Air France A330-200 F-GZCP lands at Paris-Charles de Gaulle Airport on March 28, 2007. The aircraft was destroyed in Air France Flight 447 when the plane hit and crashed in the Atlantic Ocean, killing all 228 people on board.
Image: Pawel Kierzkowski.

The flight data recorder and cockpit voice recorder, or "black boxes", from an Air France plane that crashed on June 1 last year in the Atlantic Ocean, have been localized to within about 2 square miles (5 square kilometers), a French official said on Thursday.

The French government and military officials have urged caution, saying there is no guarantee the flight recorders will be found. French navy spokesman Hugues du Plessis d'Argentre commented to AFP, "[I]t's like trying to find a shoe box in an area the size of Paris, at a depth of 3,000m (9,800ft) and in a terrain as rugged as the Alps."
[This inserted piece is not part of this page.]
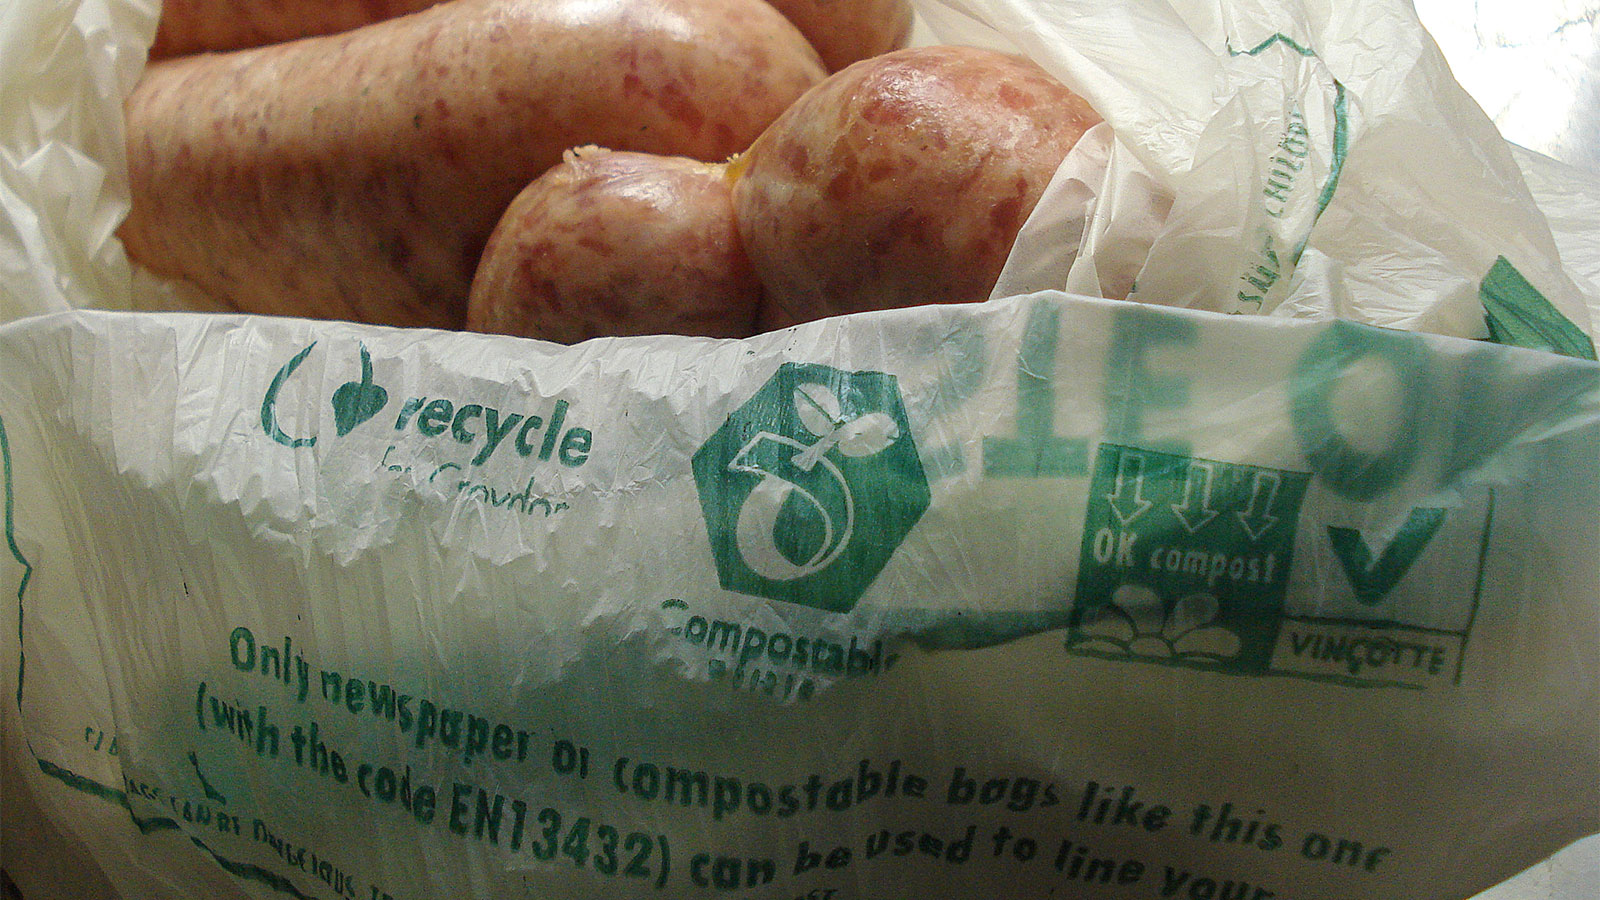 Compostable plastic bag filled with delicious sausages.

The aircraft, an Airbus A330-200, carrying 216 passengers and 12 crew members, for a total of 228 people on board, crashed in the Atlantic Ocean after flying in bad weather. The pitot tubes, which measure airspeed, are considered likely to have been a contributing factor to the crash. However, the actual cause has yet to be determined.

The search is now in its third phase, which started on March 30 – April 1, 2010 and was originally announced to last 30 days. However, on May 4, the search was extended to May 25.